Литургические заметки (Желудков) - страница 12

 Я переживаю это с великой досадой, как если бы это была моя личная неудача. Да это и действительно была неудача всей Церкви. Тут бы хороший мужской квартет, даже хотя бы хорошее женское трио — и русский чин Погребения, исполненный вполголоса, прозвучал бы с великою благодатною силой для всех.

 Возмущает отношение к этому горестному происшествию наших «церковников». Один интеллигентный юноша заявил: «Подумаешь — интеллигенция!»... Другой, тоже интеллигентный человек, старый архимандрит, сказал по этому поводу, что он и сам любит служить вот так совсем один, без певцов, а вообще-то он считает, что покойный писатель и не заслужил торжественного погребения, потому что были антирелигиозные мотивы в его раннем творчестве... Хорошие люди, а говорят такие гадости. Не понимают самой сущности церковного Богослужения.

 В отличие от молитвы уединенной, церковное Богослужение есть общение в молитвах и взаимном назидании. Не касаясь особого положения святых таинств, можно утверждать, что общение верующих в церковном Богослужении совершается, как правило, средствами искусства. Сначала это было религиозное искусство иудейского храма и синагоги. Потом у Христианства явились собственные тексты общих молитв и гимнов, церковная проповедь, пение и инструментальная музыка, икона, живопись, архитектура... Все это — священное искусство. Его святое назначение — создать молитвенную настроенность, укрепить нашу веру, направлять нашу волю к тому истинному служению Богу, которое мы должны бы совершать в нашей практической жизни.

 Церковное Богослужение есть служение Богу средствами искусства. В конце прошлого века в русской посольской церкви в Лондоне была совершена панихида в память царя Александра III. «Русский Реквием» произвел на англичан потрясающее впечатление. В нашем же прискорбном случае, которого я не могу забыть, отвергнуто было искусство. Будь на месте незадачливого батюшки любой другой служитель — без хора, без пения — и у него бы все провалилось.
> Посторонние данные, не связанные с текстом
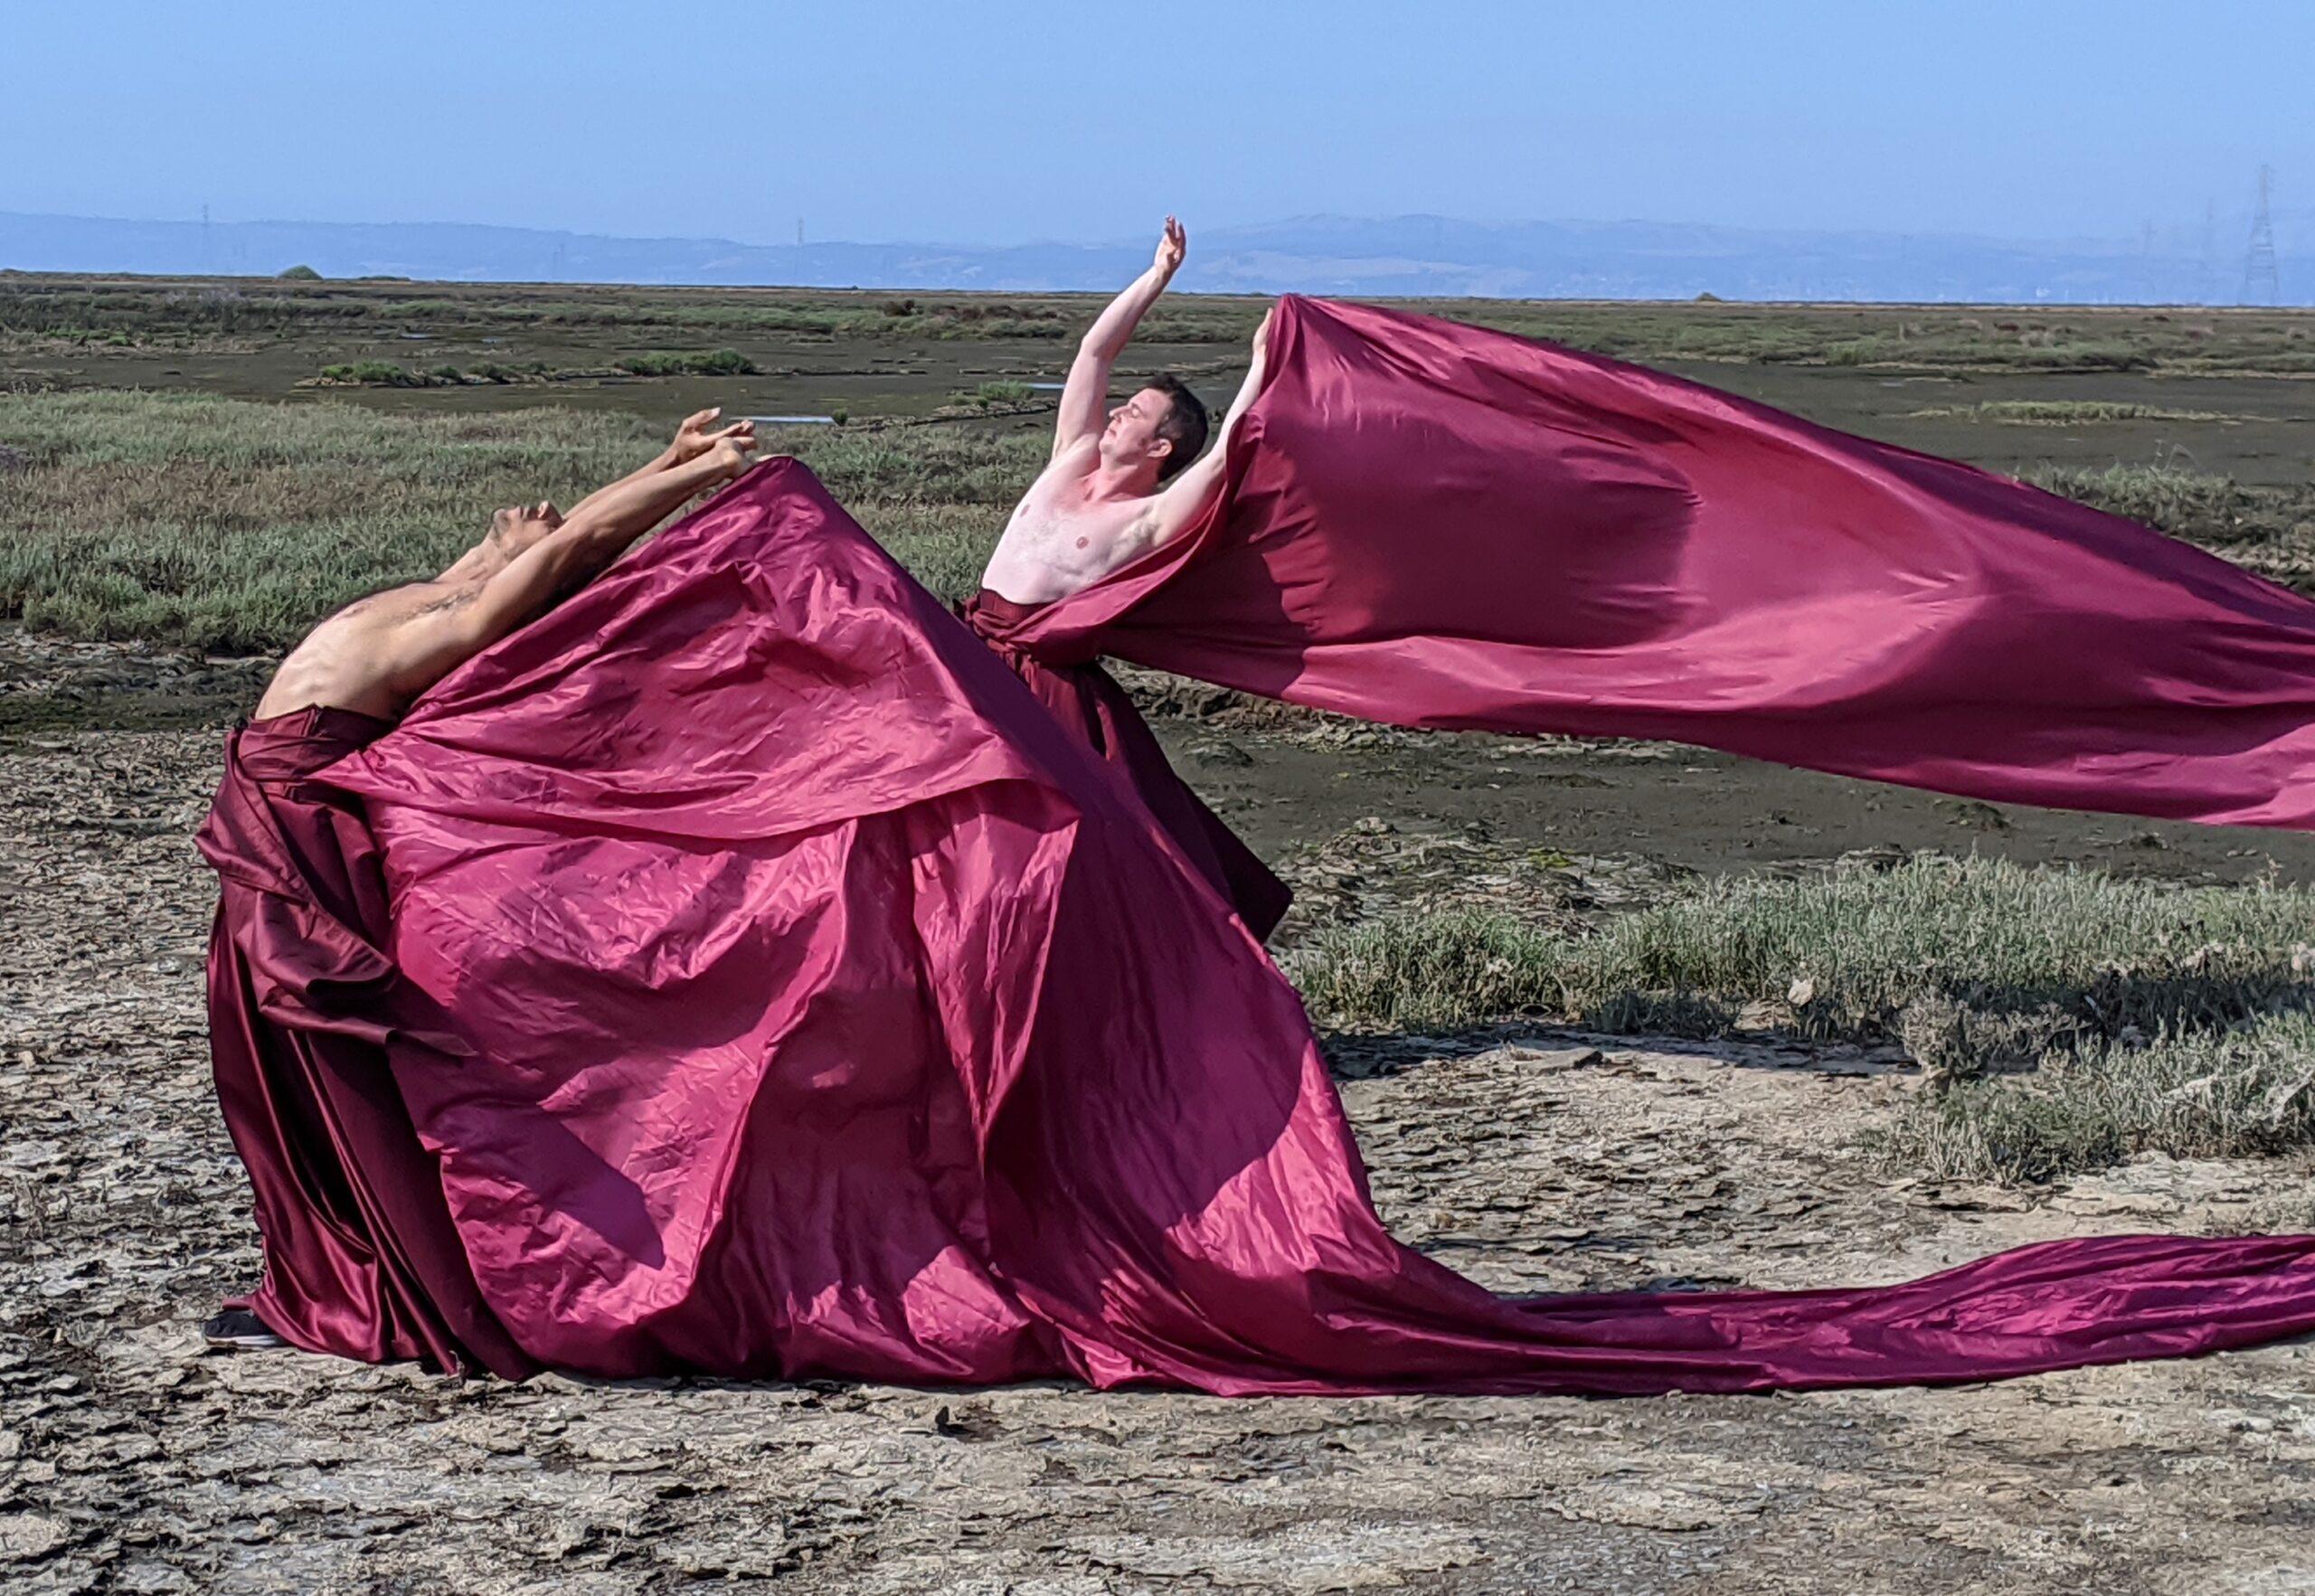 48hills.org: Sean Dorsey Dance premieres nine 'gorgeous' new films in AT-HOME season
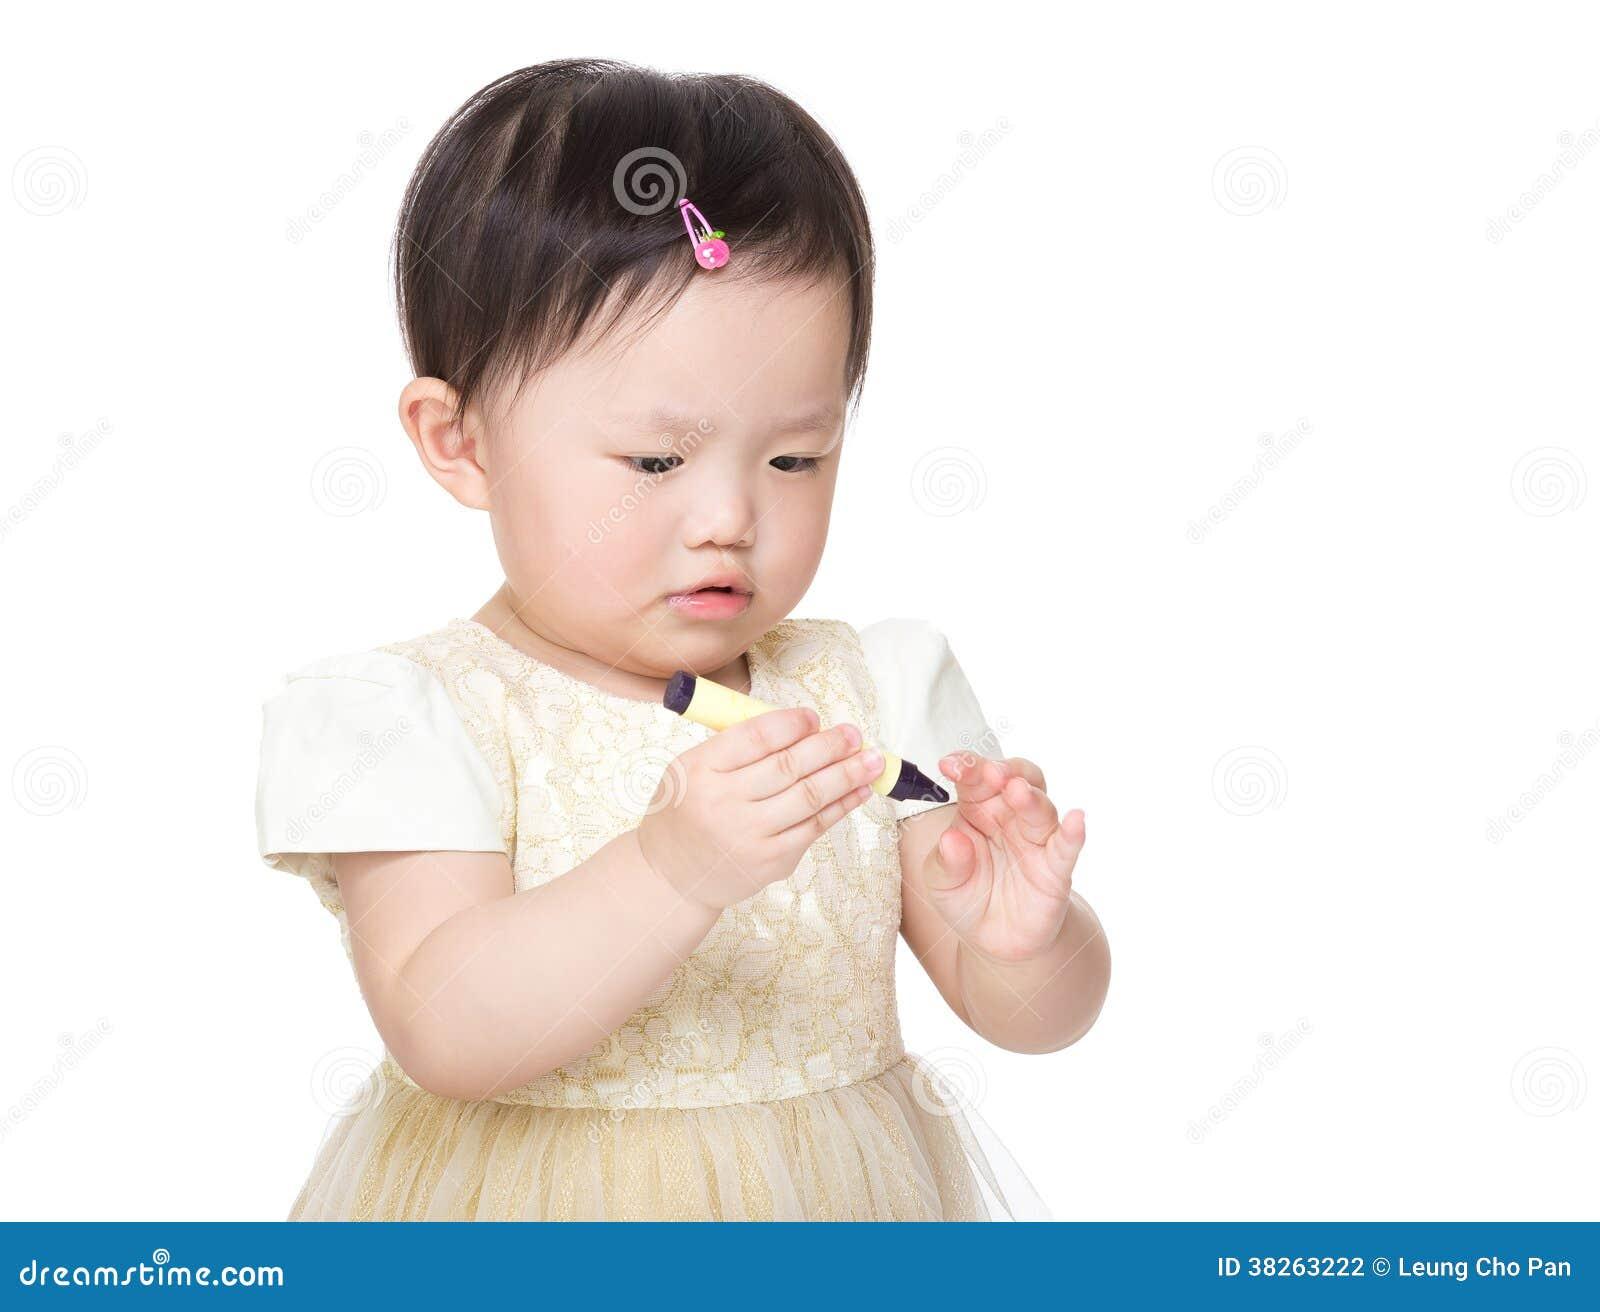 Asian baby girl holding crayon

Разве только очень хороший оратор мог бы отчасти поправить дело вдохновенной речью; но ведь это было бы тоже искусство... С болью я думаю, что среди присутствовавших были и неверующие; с особым интересом они всматривались — что же это, какова эта вера отцов, к которой после всего опыта жизни возвратился покойный их друг? И увидели только, как жалкий священник «потирает руки», машет кадилом, пытаясь совершить отпевание без пения... Это было унижение нашей святыни, это было служение против Бога, потому что отвергнуто было искусство.